Archive for May 28th, 2020


100,000 COVID-19 USA deaths and growing daily.

We have no idea when this will end.

The public health experts are advising us to wear masks.

The Texas Supreme Court has a virtual hearing on mail ballots because they are afraid of COVID-19.

Fu_k them! Vote by mail.

Commentary will say it again.  Here is how to do it.  Let’s go back to the Texas Secretary of State’s April 2 Election Advisory on COVID-19:

Upon reviewing the Advisory, State Rep. (Anna) Eastman directed me to work with the Harris County Clerk’s election officials to develop a vote by mail application to send to all voters based on the Secretary of State’s Advisory. After a few drafts and revisions, that the Secretary of State’s office saw and reviewed, we came up with one that they said, “looks fine to us.”  The last thing we wanted to do was make an investment in an application that would subsequently be rejected by the Harris County Clerk’s and the Secretary of State’s elections folks.

Rep. Eastman’s application included the exact same language on disability from the Secretary of State’s Advisory.

Here is the language again:

One of the grounds for voting by mail is disability. The Election Code defines “disability” to include “a sickness or physical condition that prevents the voter from appearing at the polling place on election day without a likelihood of needing personal assistance or of injuring the voter’s health.” (Sec. 82.002). Voters who meet this definition and wish to vote a ballot by mail must submit an application for ballot by mail.

Commentary has posted recently on my Commentary the Rep. Eastman campaign application for folks to see.

Let me repeat.  The Chief Election Officer of the State of Texas, the Texas Secretary of State said Rep. Eastman’s Vote by Mail application “looks fine to us.”

The Rep. Eastman campaign did it the right way.

Here is from the Statesman on the Supreme Court hearing yesterday:

The court, however, rejected Paxton’s request to order county election clerks to reject applications for mail-in ballots from voters who fear exposure to the coronavirus.

County officials lack the authority to question or investigate claims of disability, Hecht noted, adding that clerks are expected to faithfully convey the ruling’s outcome to voters.

“The Clerks have assured us that they will fully discharge their duty to follow the law. We are confident that they will follow the guidance we have provided here,” Hecht wrote. “Accordingly, we conclude that (ordering) them to do so is unwarranted.”

From Trib on the hearing:

Although the court sided with Paxton’s interpretation of what constitutes a disability, it indicated that it is up to voters to assess their own health and determine if they meet the state’s definition.

“We agree, of course, that a voter can take into consideration aspects of his health and his health history that are physical conditions in deciding whether, under the circumstances, to apply to vote by mail because of disability,” the court ruled.

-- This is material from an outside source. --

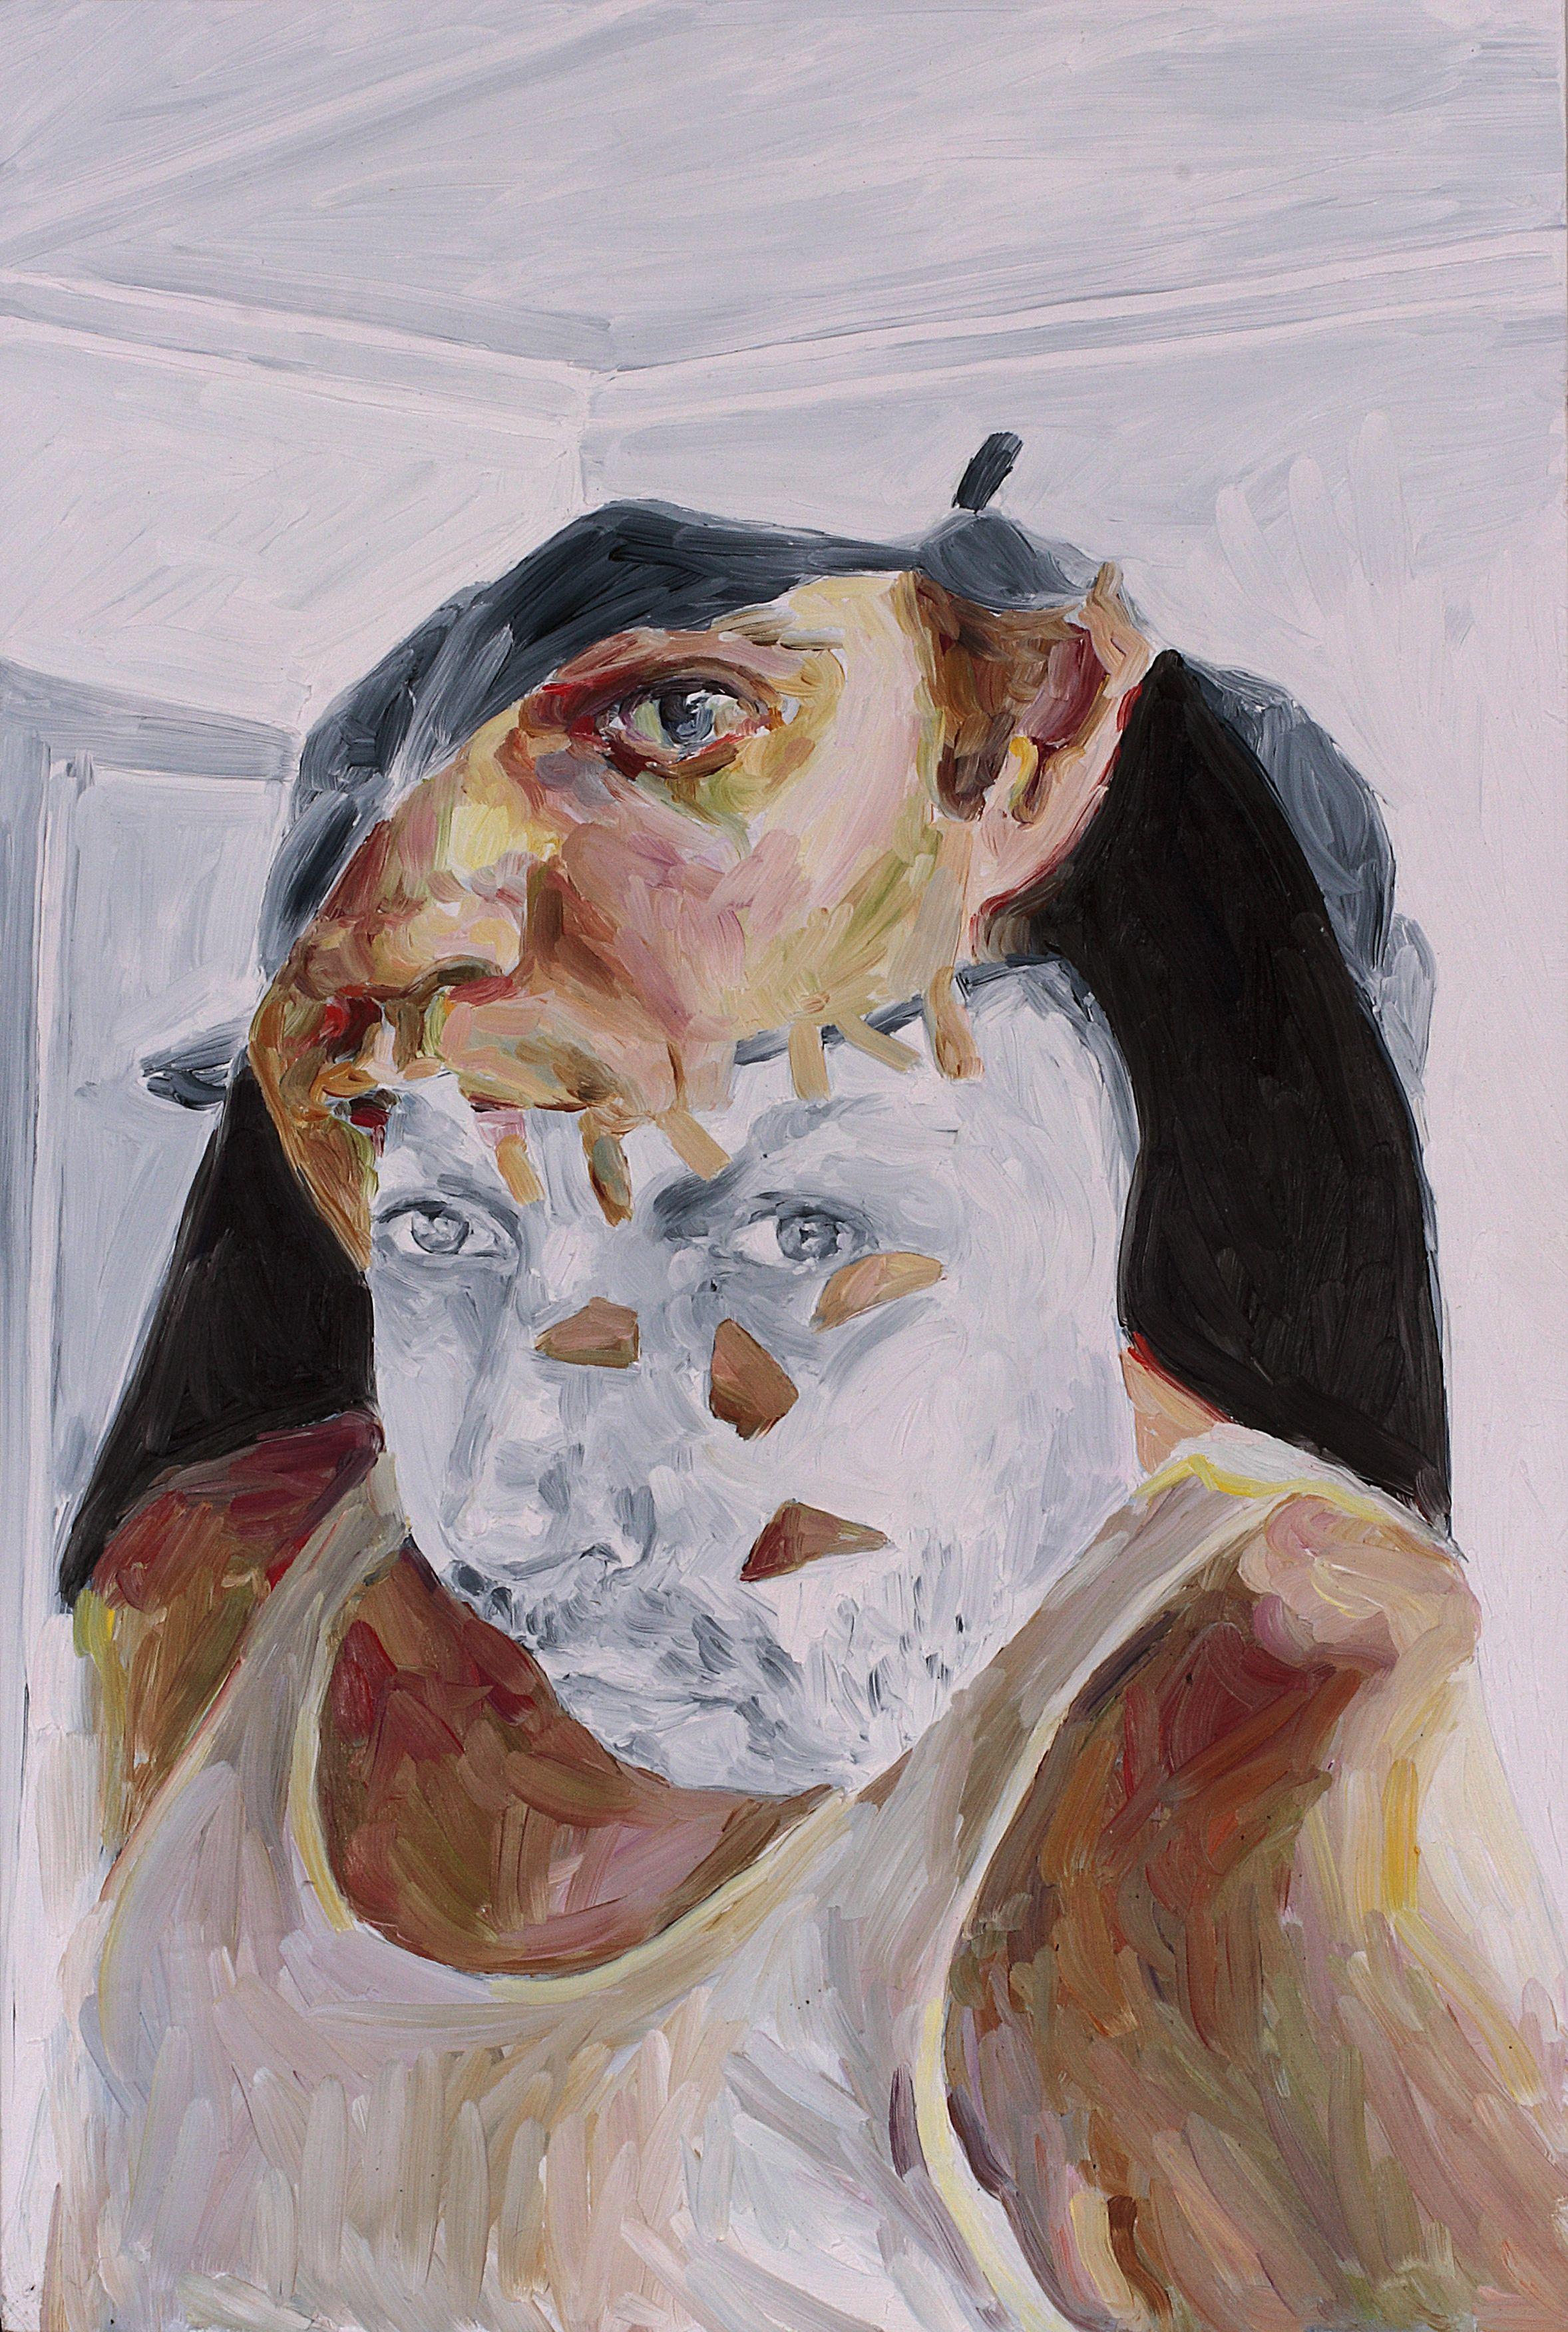 Nicholas Chambers and David M Thomas, oil on board, 60 x 40 cm, 2008.

The high court also rejected Paxton’s request to prevent local election officials from sending mail-in ballots to voters who were citing lack of immunity to the coronavirus as a disability. Those officials denied they were operating outside the law and argued they cannot deny ballots to voters who cite a disability — even if their reasoning is tied to susceptibility to the coronavirus.

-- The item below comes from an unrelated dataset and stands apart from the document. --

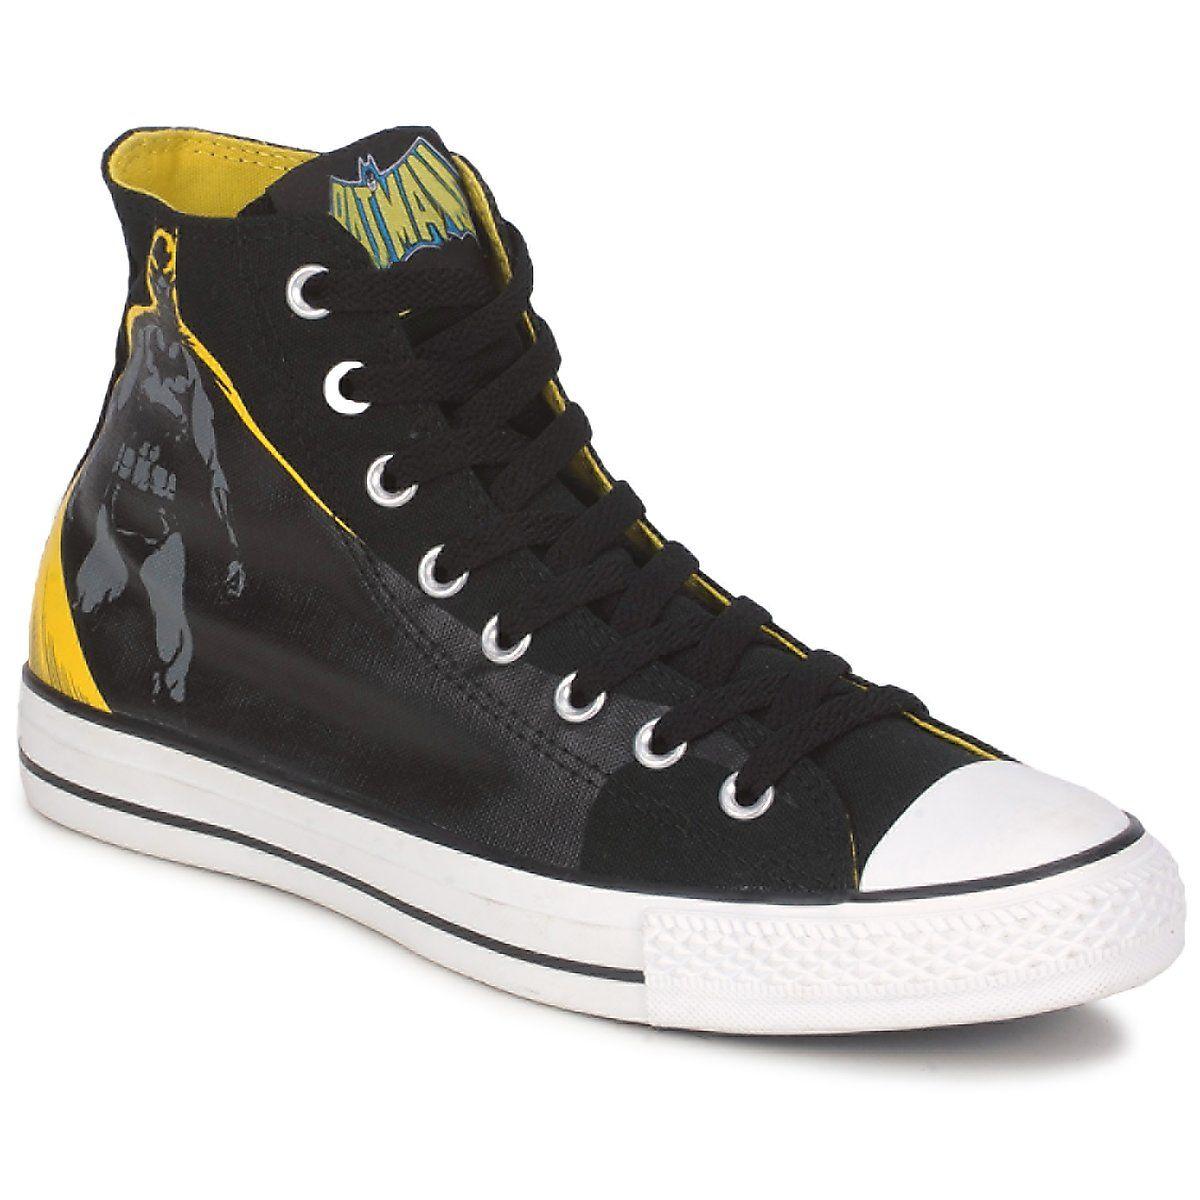 Reportero brindis Influencia  Nuna nuna nuna nuna nuna nuna NUNAA.... BATMAN!   Converse, Womens converse,  Converse chuck taylor high top sneaker

When voters cite disability to request an absentee ballot, they’re not required to say what the disability is. The voters simply check a box on the application form, and if their application is properly filled out, locals officials are supposed to send them a ballot. The state ultimately conceded that officials can’t reject those voters.

And from Kuffer on the hearing:

Now for that caveat. The Supreme Court has made it clear what the law is, and what is – or, more to the point, is not – a disability. Your county clerk will send you a mail ballot if you ask for one, but Ken Paxton could have you arrested, or some wingnut activist like Alan Vara could file a complaint against you, if you request one because of COVID concerns. I think the risk of the former is small unless you make yourself a target, but the latter is non-trivial since who gets a mail ballot is a matter of public record. That doesn’t mean that your local DA will agree to press charges, or that they would be able to get a conviction, but who wants to deal with that? We know how vindictive the legal system can be to people charged with violations of the electoral code, especially to voters of color. I’m planning to vote in person regardless, but if I had been thinking about applying for a mail ballot, this would definitely make me reconsider. You have to decide for yourself what your risk of exposure is.

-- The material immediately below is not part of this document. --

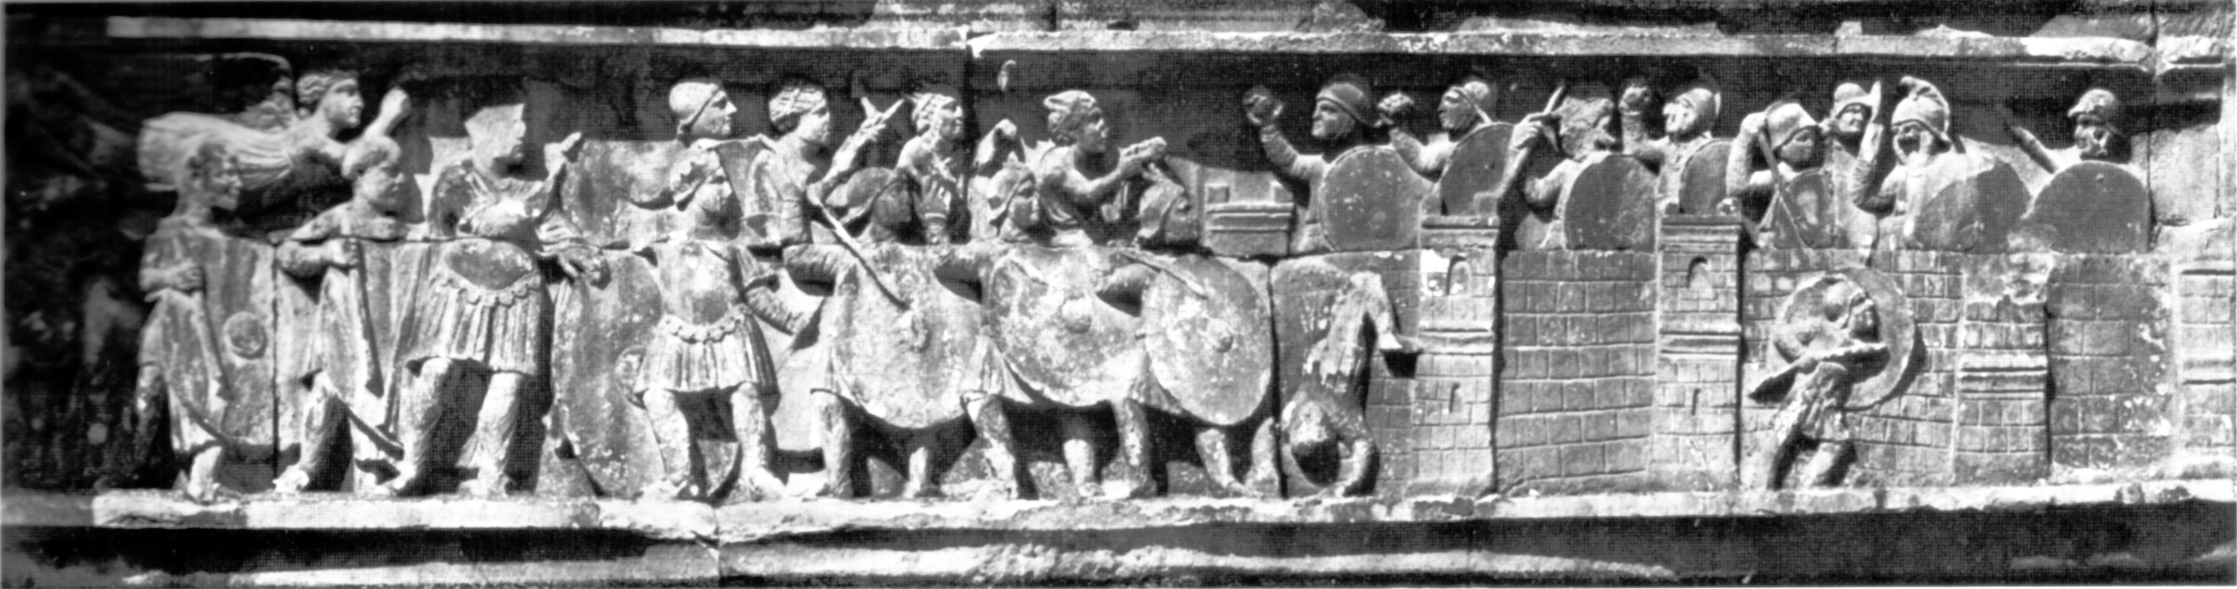 Arch of Constantine relief sculpture

Here is all of today’s Kuffer that has nothing but good takes today: http://www.offthekuff.com/wp/.

It is all about today’s Chron front page headline: 100,000.

It is a fu_king pandemic.

Go to Harrisvotes.com and fill out a mail ballot application, check the Disability, annual, and Democratic Primary boxes, sign it, stick it in an envelope, slap a stamp on it and mail it. It is a lot safer.

We need to encourage folks to vote by mail.  Get a lot of folks to do it and when it is all said and done, folks will see that it is not a big deal.

63 years ago today, MLB’s National League owners gave permission to the Brooklyn Dodgers and New York Giants to move to Los Angeles and San Francisco.

The MLB owners and MLB players can’t agree to terms on compensation for a short season if we have a season at all.  If this dispute heats up and forces fans to pick a side, you know it is going to be players.  They never have owner bobblehead day.